Retype, word for word, only the lines from the one containing "A photo of Tyler" through the last line of the listing below. Pictures do not belong in the result.

Information shown |
####################
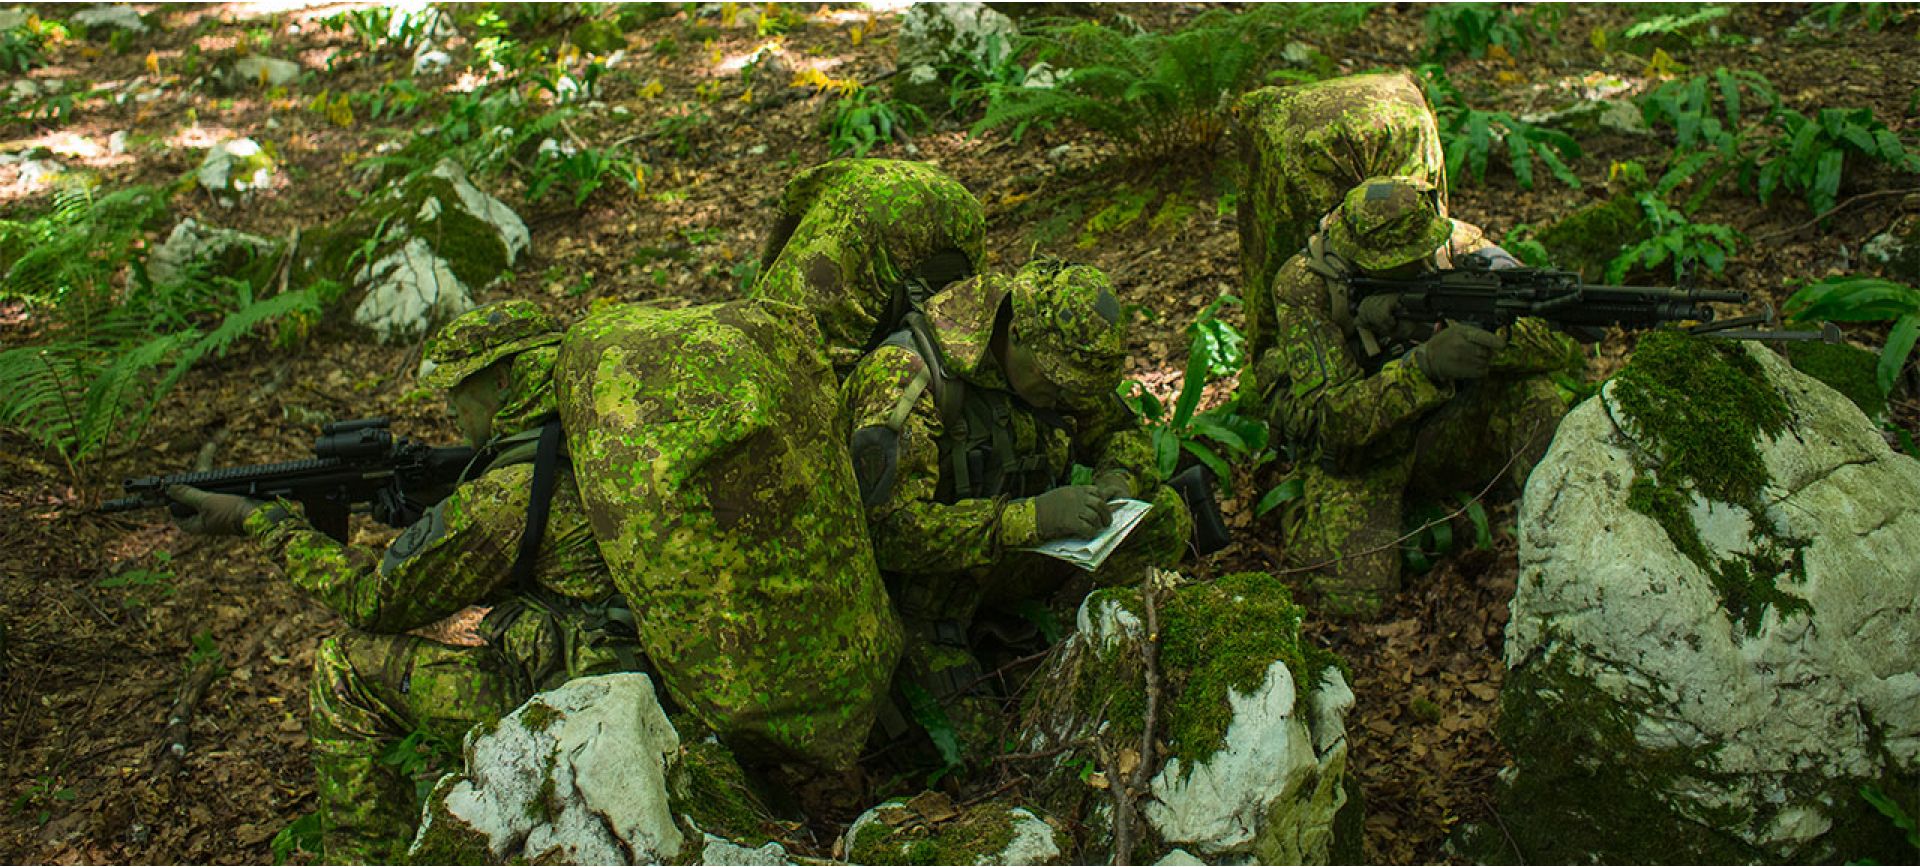 What are The TOP-10 military camouflage patterns?
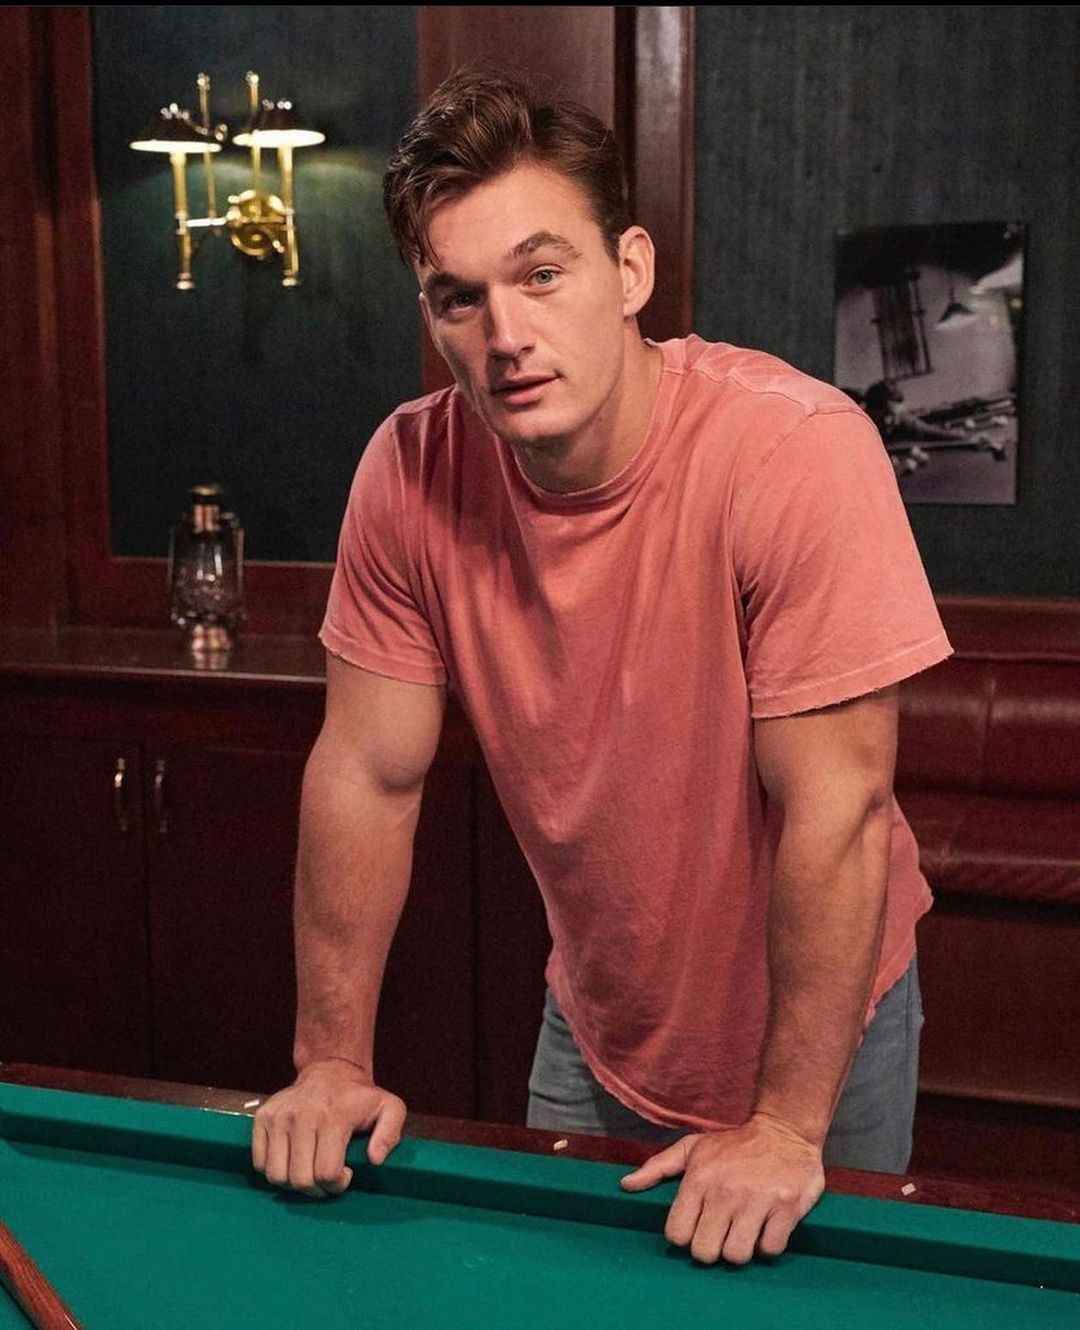 A photo of Tyler Cameron in a casual outfit, leaning on a pool table.
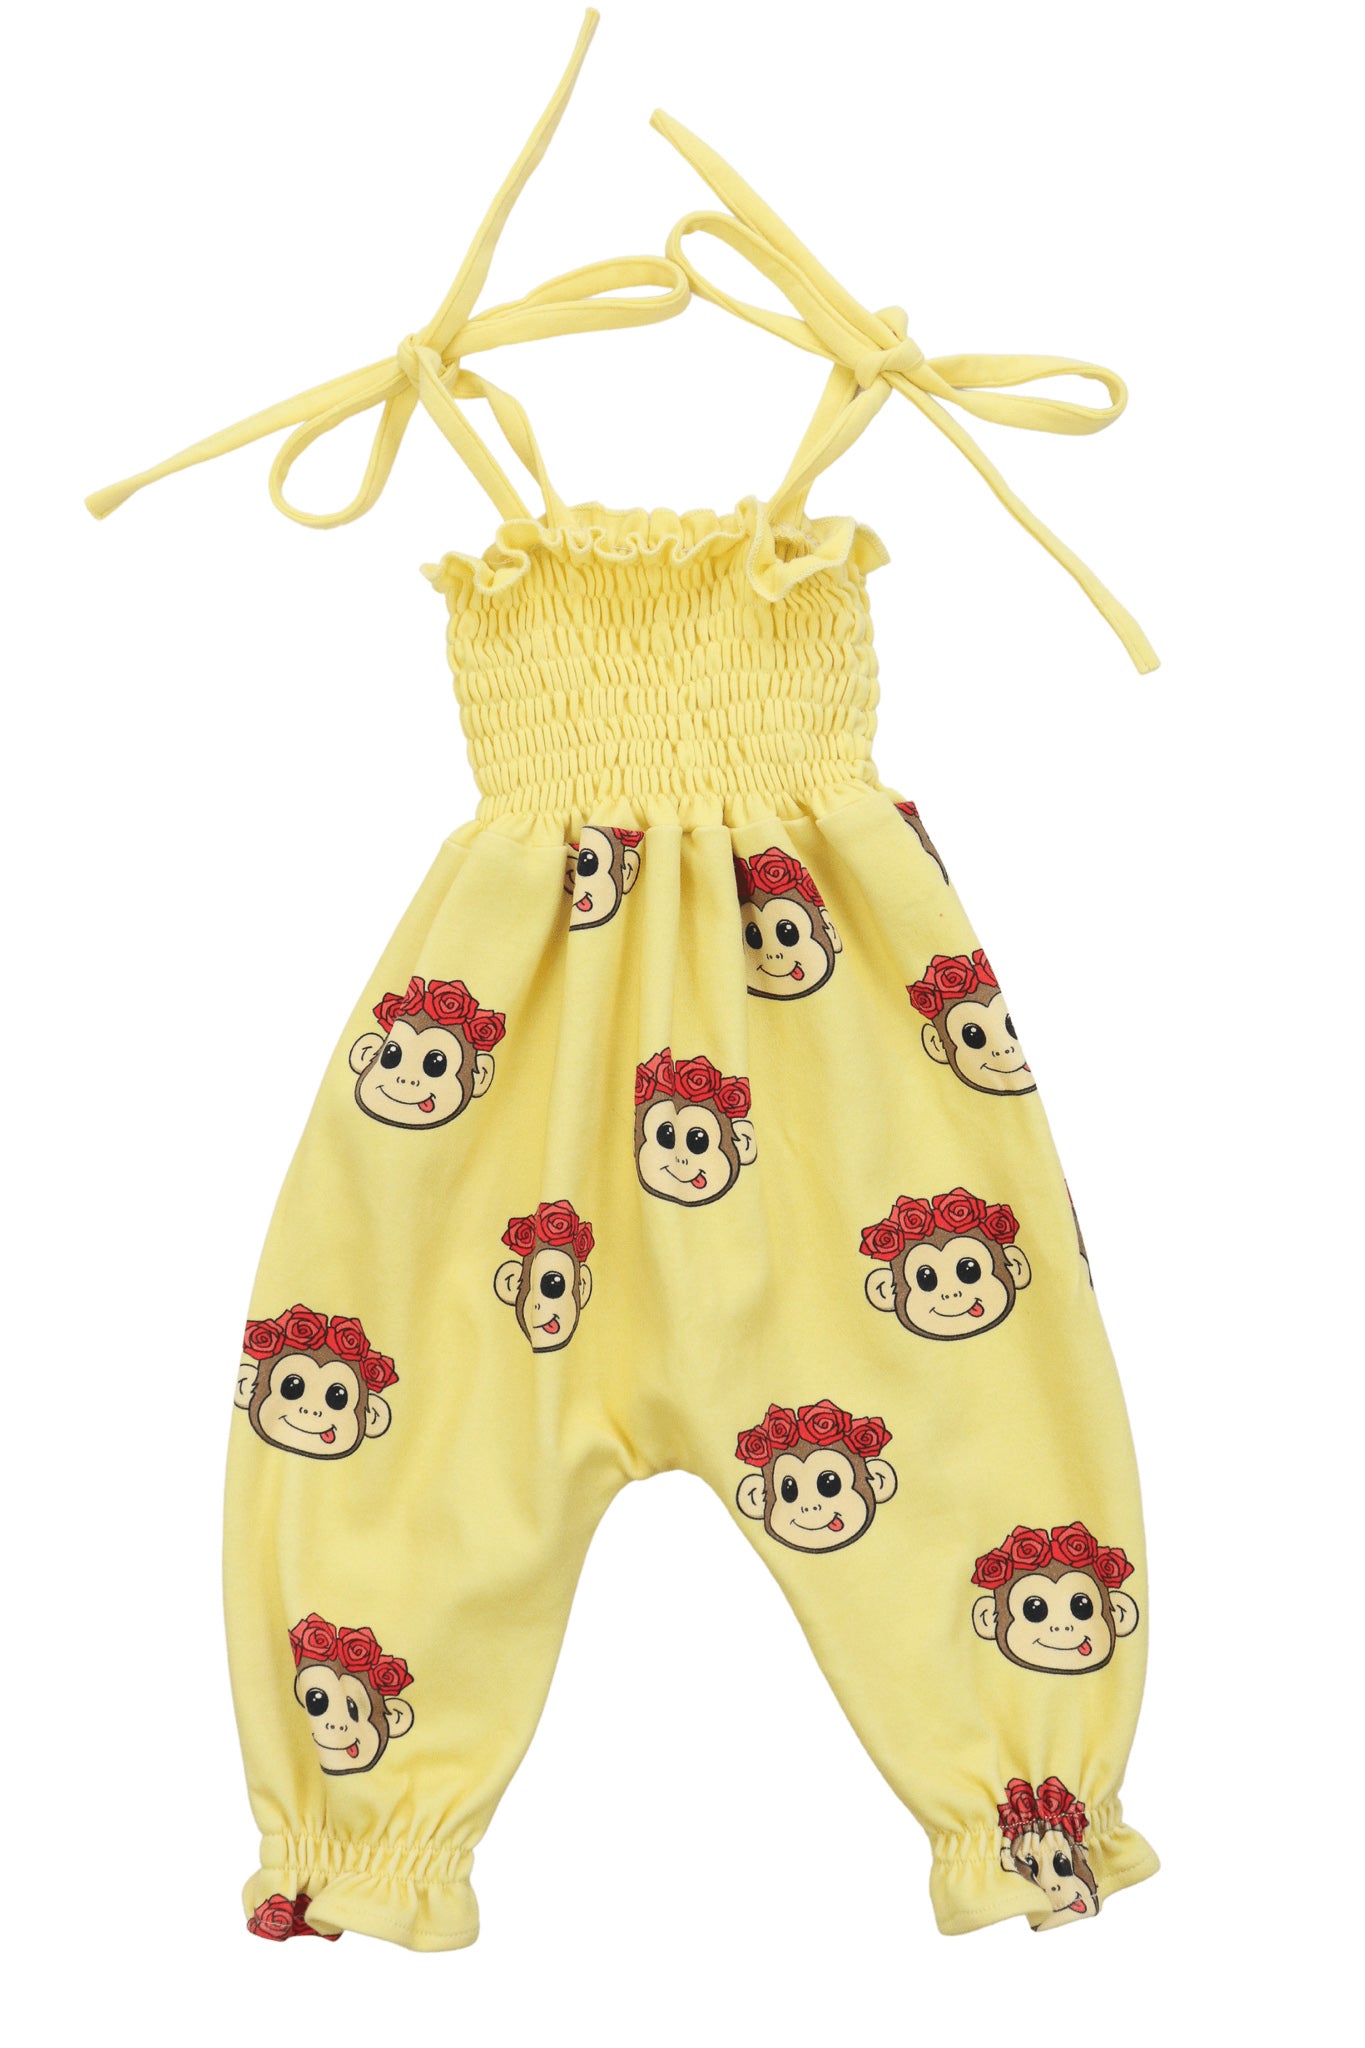 pastel yellow jumpsuit with cute monkey faced printed all over. Shirred top design and thin tie-up straps
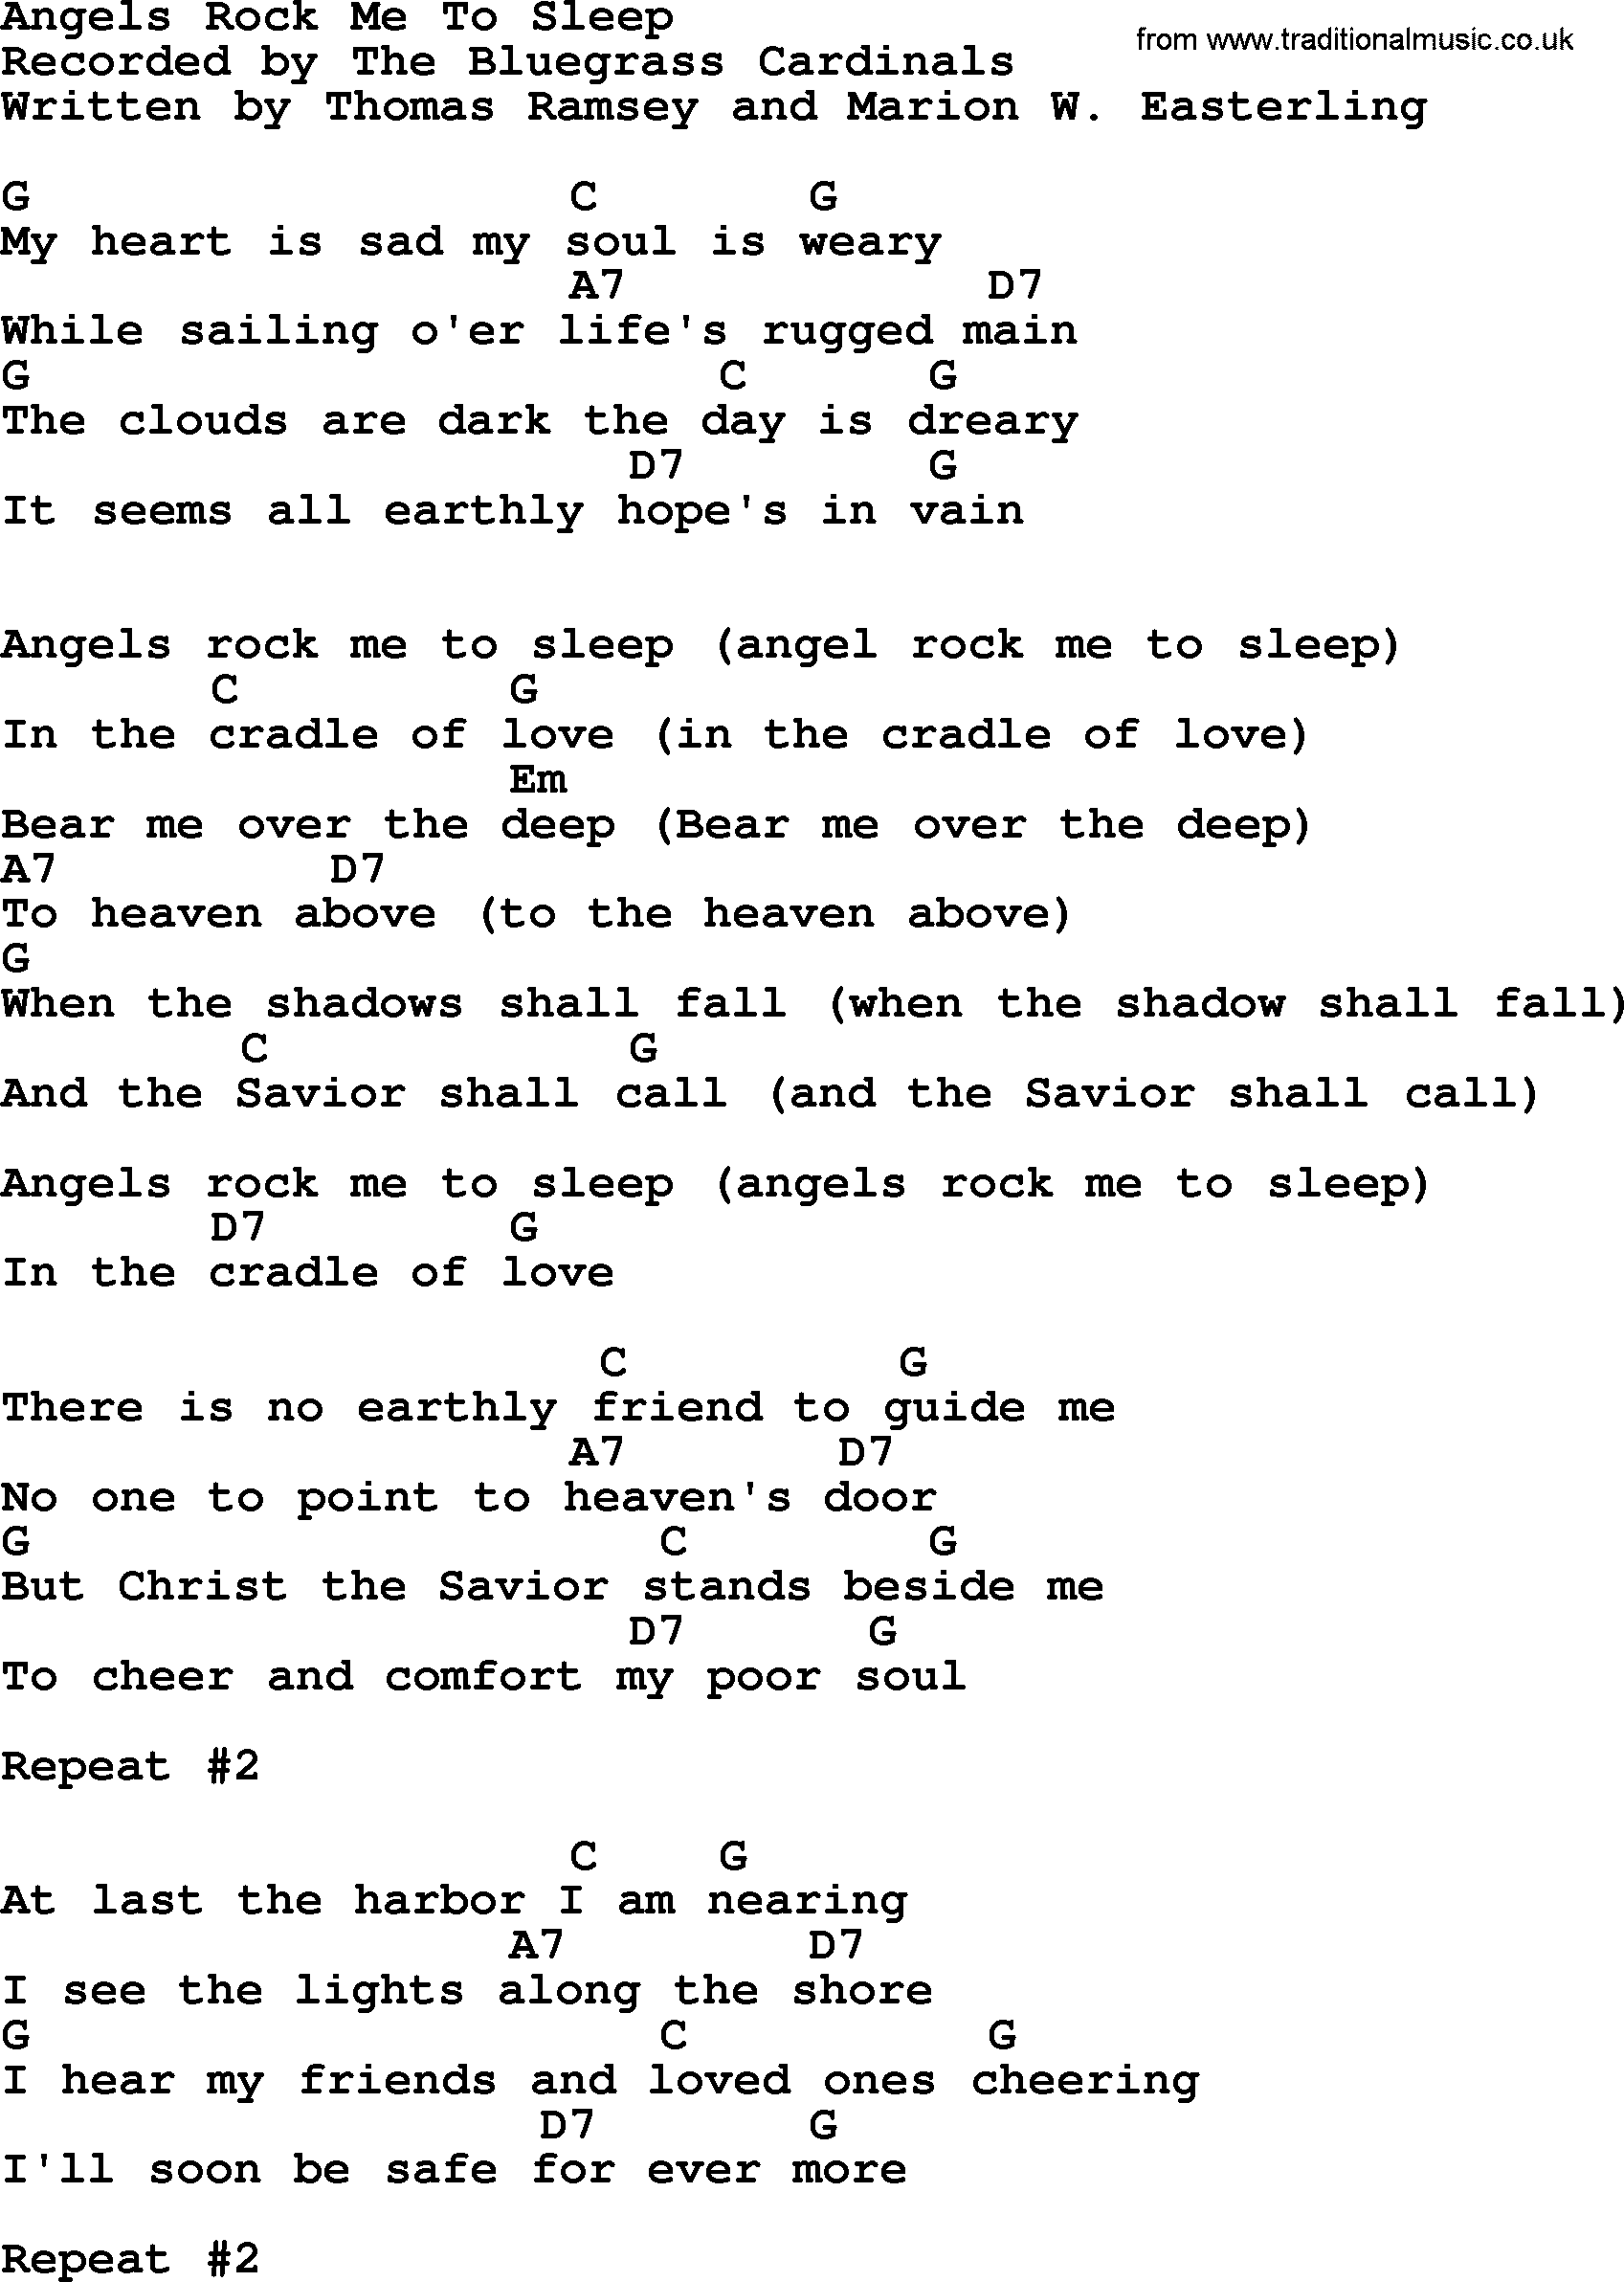 Bluegrass song: Angels Rock Me To Sleep, lyrics and chords
####################
Written response |
 A photo of Tyler Cameron in a casual outfit, leaning on a pool table.
 pastel yellow jumpsuit with cute monkey faced printed all over. Shirred top design and thin tie-up straps
 Bluegrass song: Angels Rock Me To Sleep, lyrics and chords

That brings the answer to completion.